Since the 17th edition (2010), the second word after a hyphenated prefix in compound modifiers is capitalized (Mid-Year, Anti-Hero).

Since the 18th edition (2024), prepositions of more than four letters are capitalized.

=== Hart's Rules ===
New Hart's Rules, the style guide for Oxford University Press, offers the following guidelines:

- The first word is always capitalized.
- Nouns, verbs, and adjectives (except possessives) are usually capitalized.
- Pronouns and adverbs may or may not be capitalized.
- Articles, conjunctions, and prepositions are normally not capitalized.

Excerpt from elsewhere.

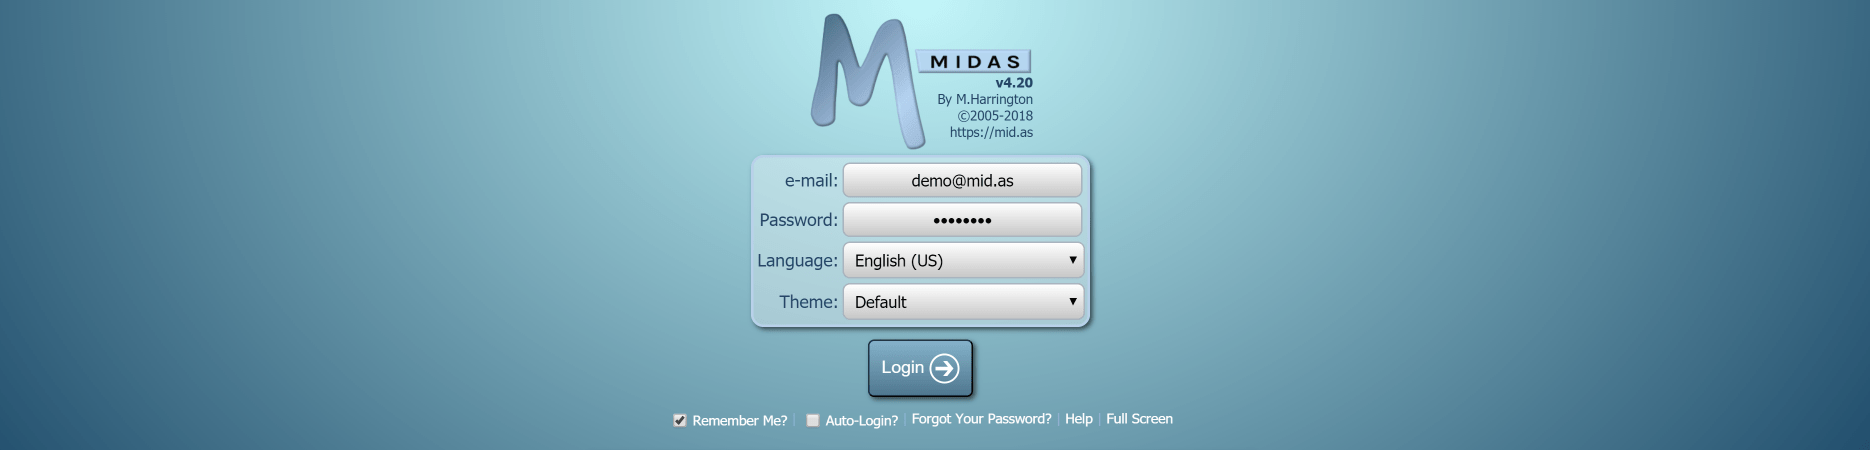 The previous Default theme for MIDAS

However, judgement is allowed based on factors such as sense, emphasis, structure, and length when deciding which words to capitalize.

=== MLA Handbook ===
According to the 9th edition of the MLA Handbook, published by the Modern Language Association of the U.S., the following title capitalization rules should be applied:

- Capitalize the first word of the title/heading and of any subtitle/subheading.
- Capitalize all major words (nouns, verbs including phrasal verbs such as "play with", adjectives, adverbs, and pronouns) in the title/heading, including the second part of hyphenated major words (e.g., Self-Report not Self-report).
- Lowercase the second word after a hyphenated prefix (e.g., Mid-, Anti-, Super-, etc.) in compound modifiers (e.g., Mid-year, Anti-hero, etc.).
- Do not capitalize articles, prepositions (regardless of length), and coordinating conjunctions.
- Do not capitalize "to" in infinitives (e.g., I Want to Play Guitar).

== Title case in references ==
The use of title case or sentence case in the references of scholarly publications is determined by the citation style used and can differ from the usage in title or headings. For example, APA style uses sentence case for the title of the cited work in the list of references, but it uses title case for the title of the current publication (or for the title of a publication if it is mentioned in the text instead). Moreover, it uses title case for the title of periodicals even in the references. Other citation styles like Chicago Manual of Style use title case also for the title of cited works in the list of references.